ASUU frowns at varsities resuming despite strike order

The Academic Staff Union of Universities (ASUU) has cautioned universities resuming academic activities despite the Union’s ongoing strike to desist from such action.

Chris Piwuna, the vice-president of ASUU made following a statement by Ralph Njoku, the Imo State University spokesperson directing students to resume for academic activities.

The ASUU national vice-president said it is now understandable that some of the non-members of the union in various universities are taking laws into their hands due to the federal government’s stand which caused the strike to linger.

He therefore warned university management of the various institutions to stop misleading students with fake resumption announcements.

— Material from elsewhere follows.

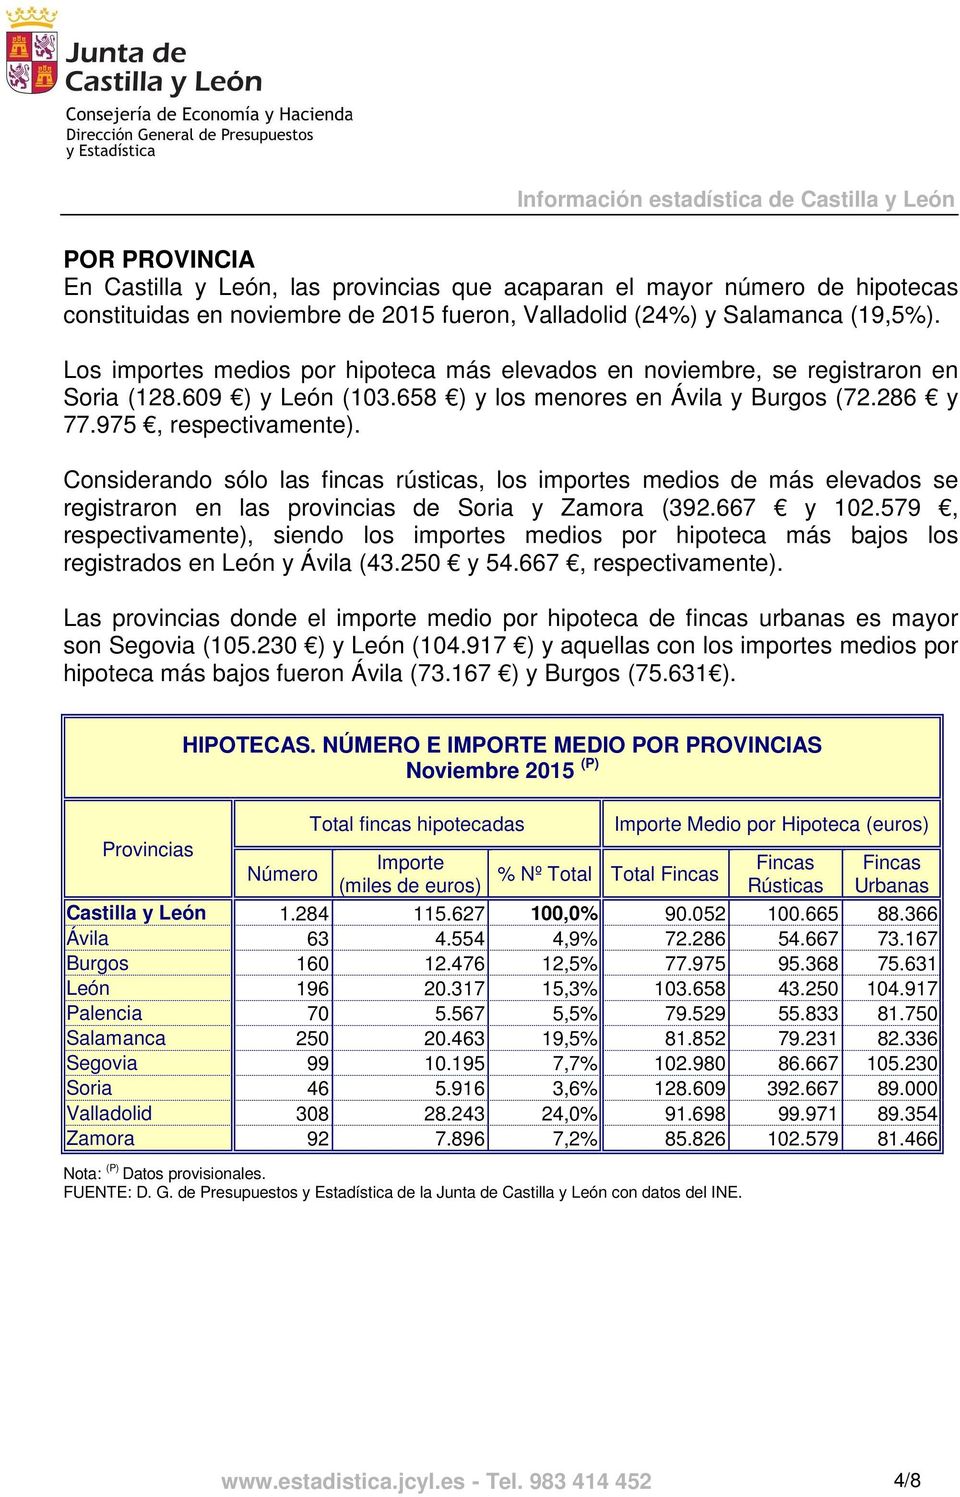 Considerando sólo las fincas rústicas, los importes medios de más elevados se registraron en las provincias de Soria y Zamora (392.667 y 102.

The university don reiterated that those resumption notices by the various university authorities are not true, hence he asked students not to be fooled as the union is yet to agree when to reopen classrooms for lectures.

Piwuna further maintained that the strike action by the lecturers remains unshakeable and that those universities who announced their resumptions were still under lock and key.

Recall that Ekiti State University, Ado-Ekiti asked its students to resume for academic activities on Thursday, September 22 and had even published second semester examination time-table.

In the same vein, Imo State University, Owerri recently announce that the institution was pulling out of ASUU strike according to a statement by Njoku.

Read also: ASUU strike: The way forward for Nigerian students

However, Piwuna questioned the authencity of the IMSU’s spokesperson to speak for ASUU when he is not even a member of the union.

“Is the PRO of the university a member of our union? Does he have the mandate to speak for our members? Did we consult with him or his VC (Vice Chancellor) before we embarked on the action? They are incurable interlopers. “They said the same thing about Gombe State University, Yobe State University, Kaduna State University, and the rest. Those institutions are still under lock and key,” he said.

The lingering impasse between ASUU and the federal government seems to be dividing the tertiary intuitions stakeholders and Nigerians as a whole.

The federal government recently dragged ASUU to the Industrial Court demanding that the striking lecturers should go back to work while negotiations continue.

And on Wednesday, September 21, the court rule in favour of the federal government, asking ASUU to return to the classroom as employees cannot be on strike while their case is in court.

However, ASUU has decided to appeal the judgement and has insisted on continuing with the strike until its demands are met.